**WHAT THIS TASK INVOLVES:** Write the listing below out again word for word, without a single picture.

**THE DATA:**

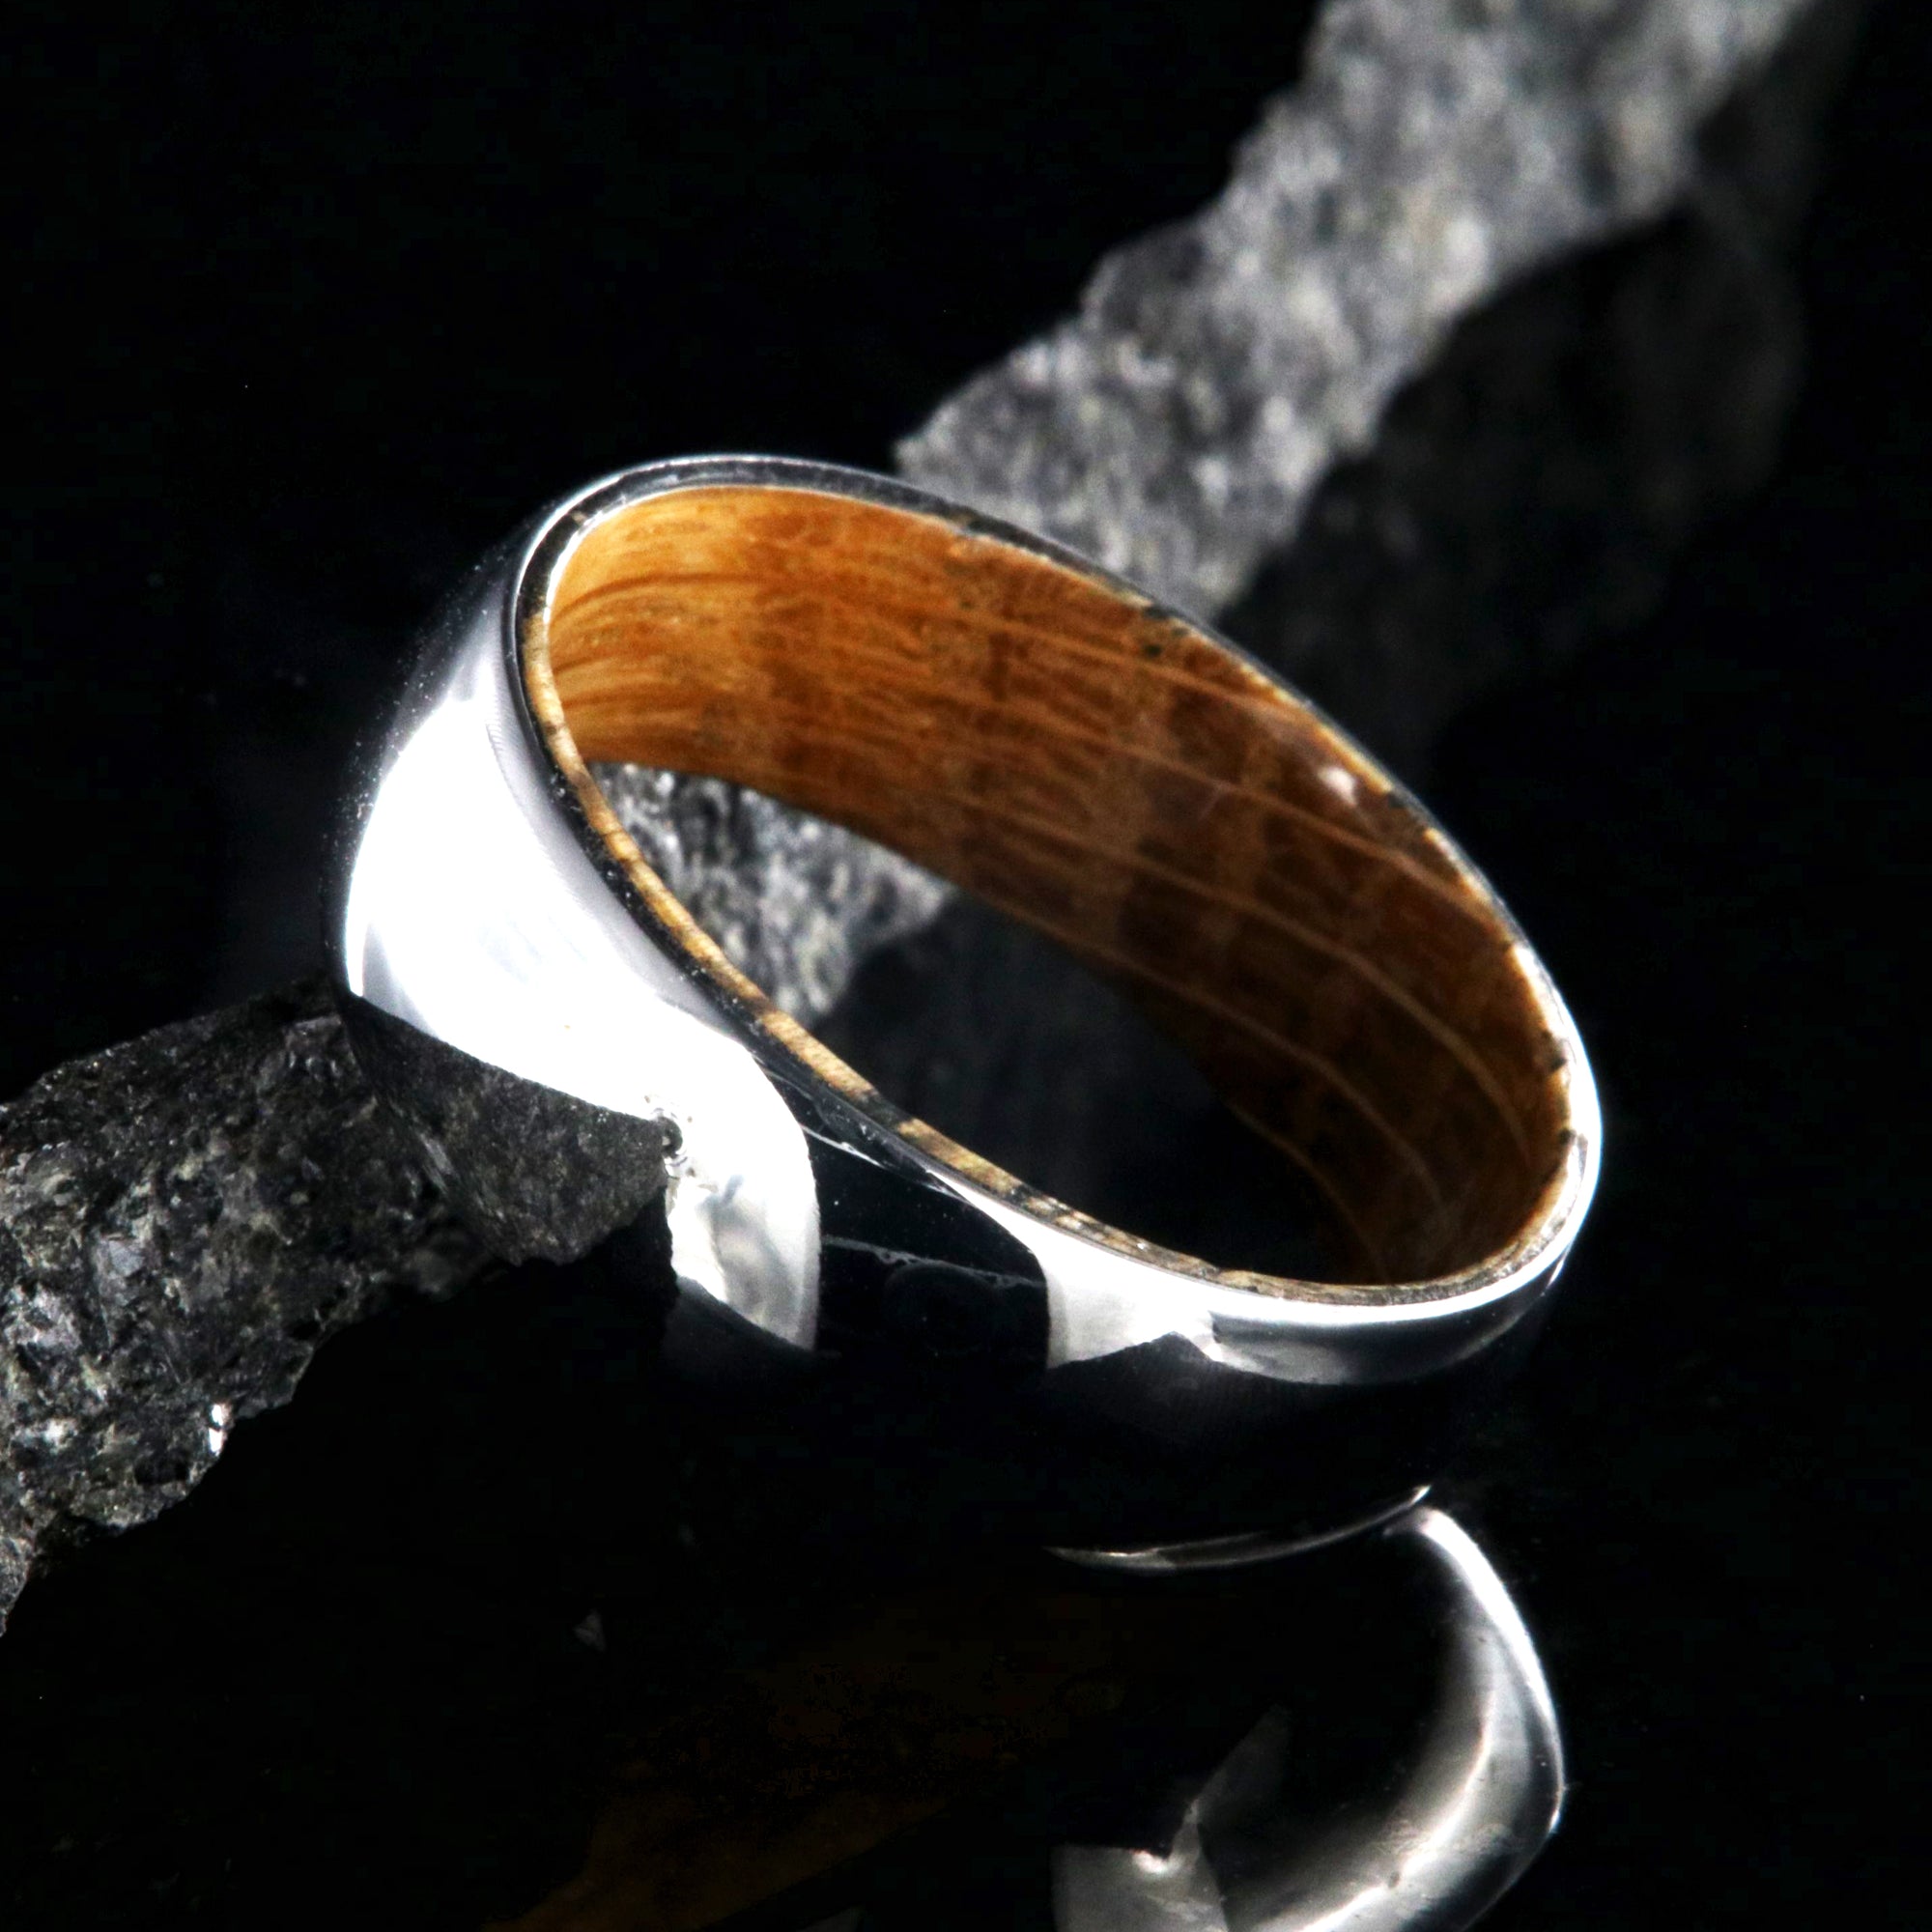 7mm wide cobalt wedding ring with a high polish and whiskey barrel sleeve
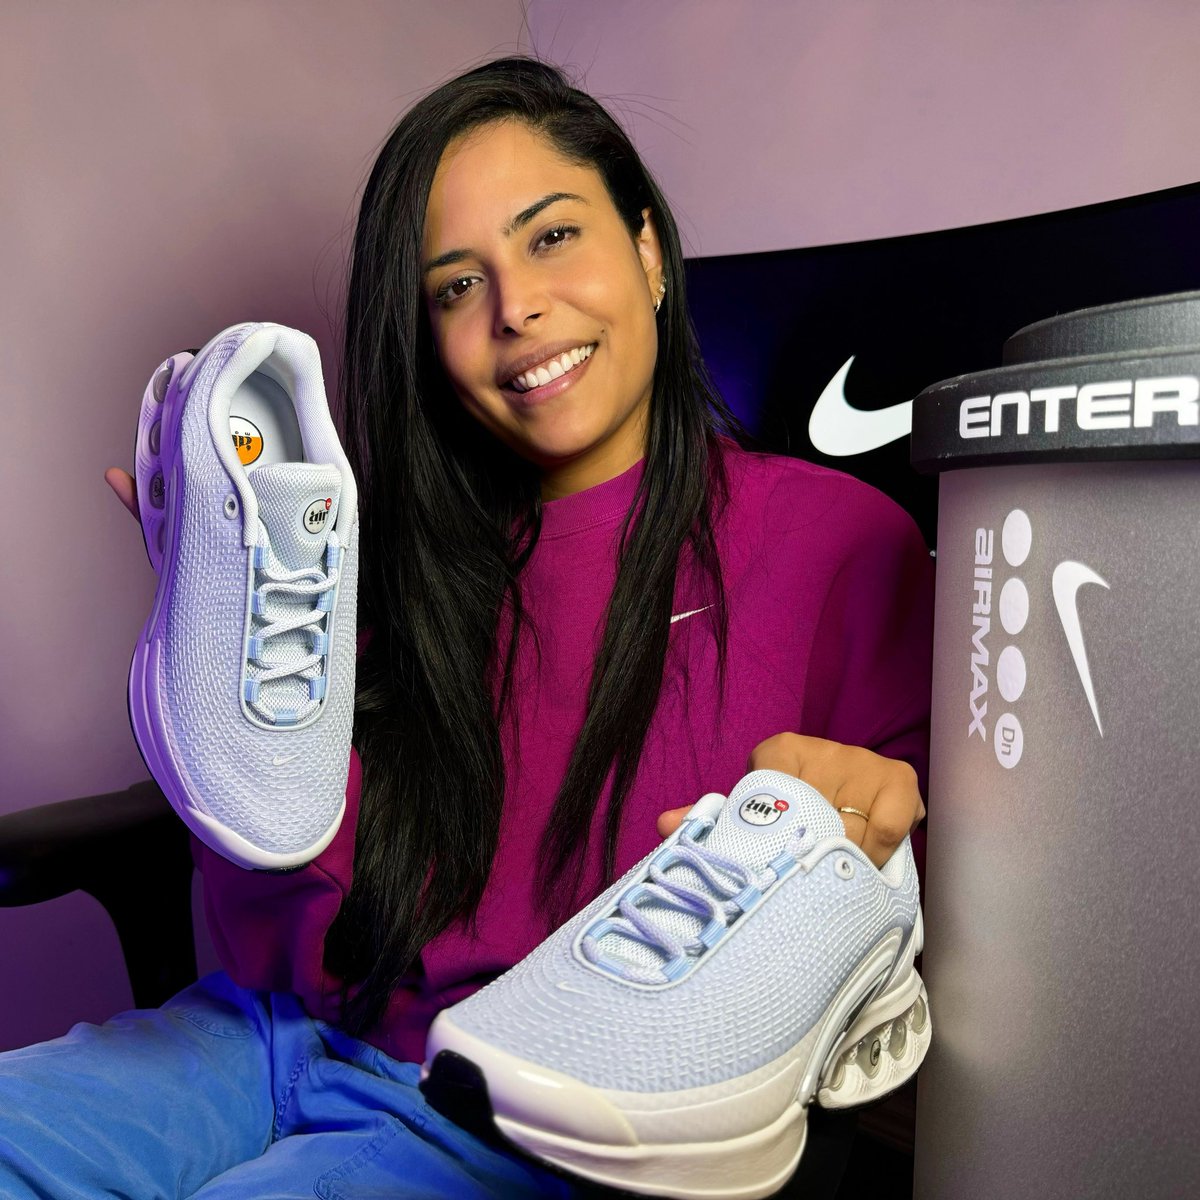 So excited to partner with @Nike and “Feel the Unreal” in the new Airphoria world #AirMaxDN #TeamNike
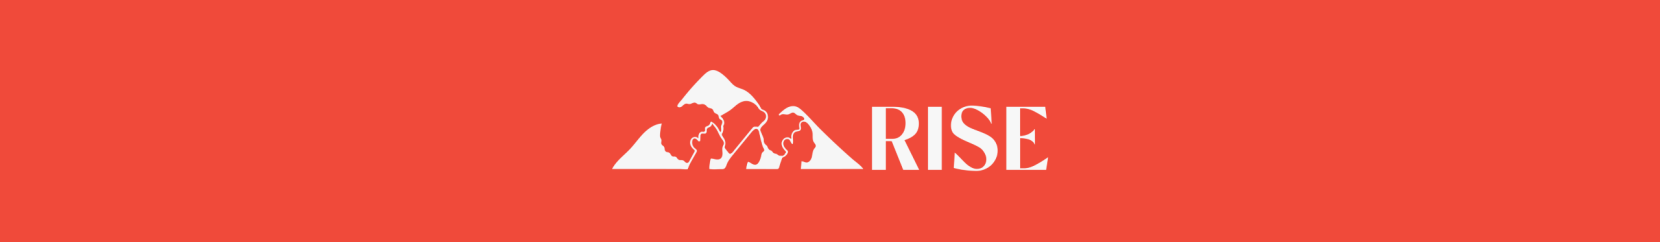 RISE Project Logo featuring the silhouettes of three women facing right
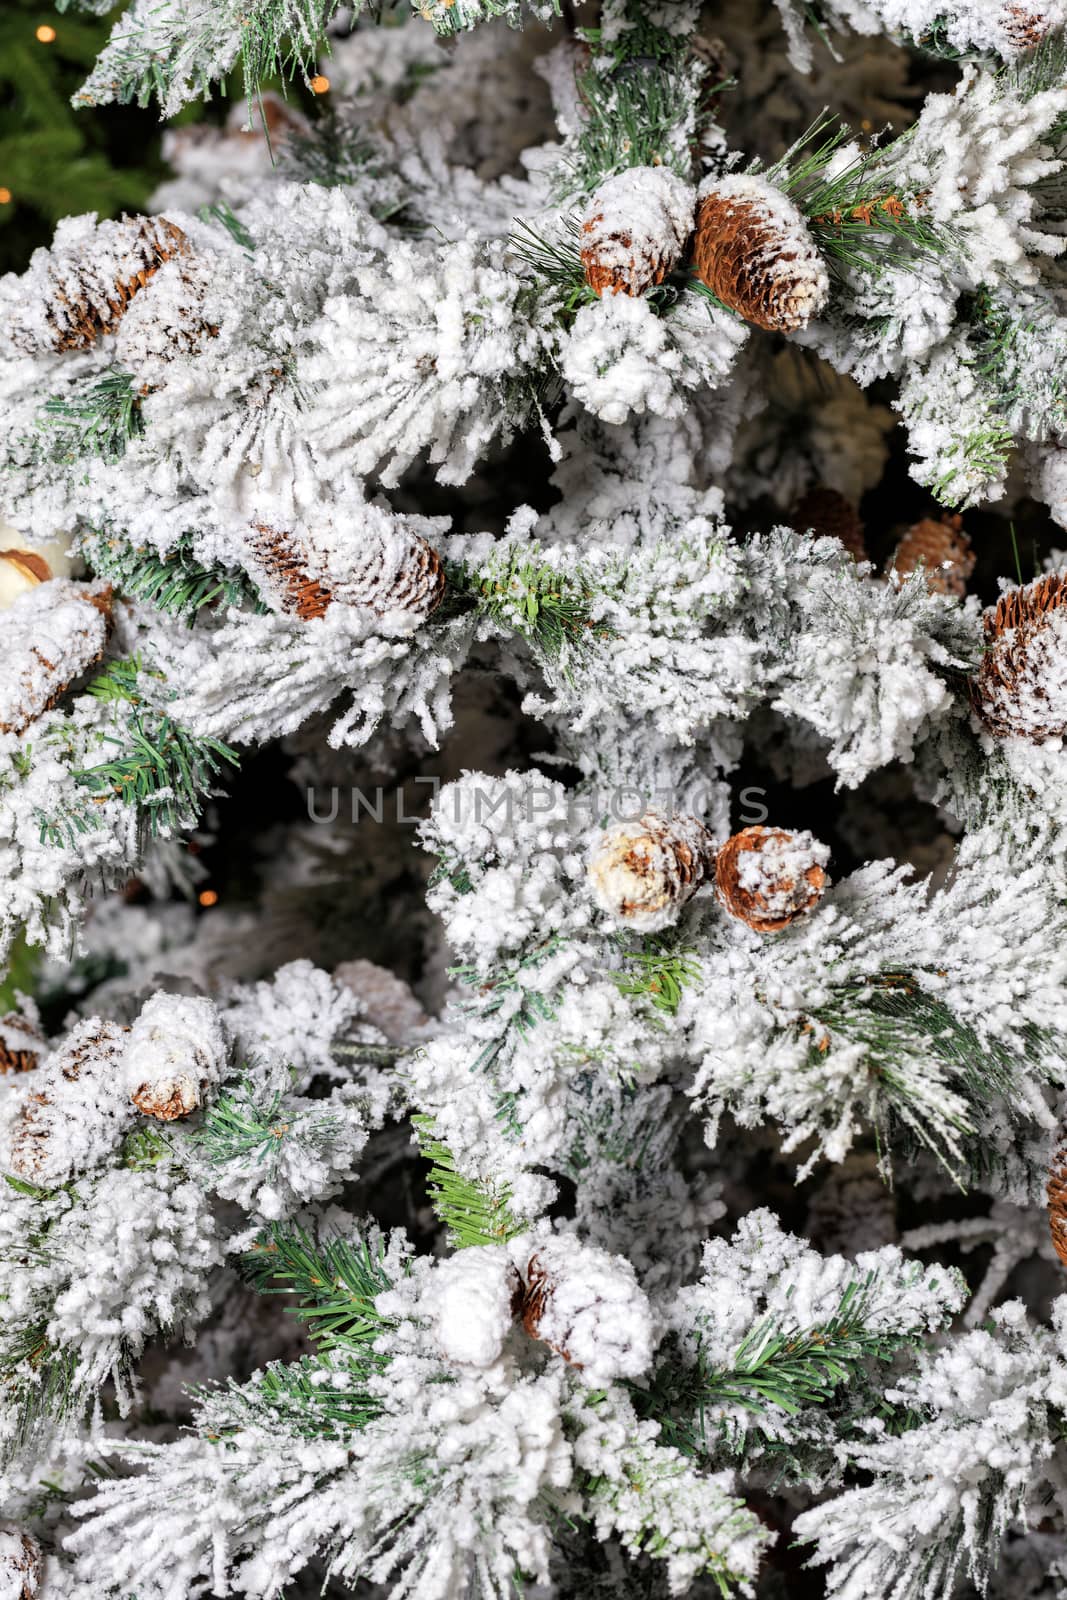 Decorative cones fir branches sprinkled with decorative snow, look like real ones. by Sergii

**RESULT BELOW:**
 7mm wide cobalt wedding ring with a high polish and whiskey barrel sleeve
 So excited to partner with @Nike and “Feel the Unreal” in the new Airphoria world #AirMaxDN #TeamNike
 RISE Project Logo featuring the silhouettes of three women facing right
 Decorative cones fir branches sprinkled with decorative snow, look like real ones. by Sergii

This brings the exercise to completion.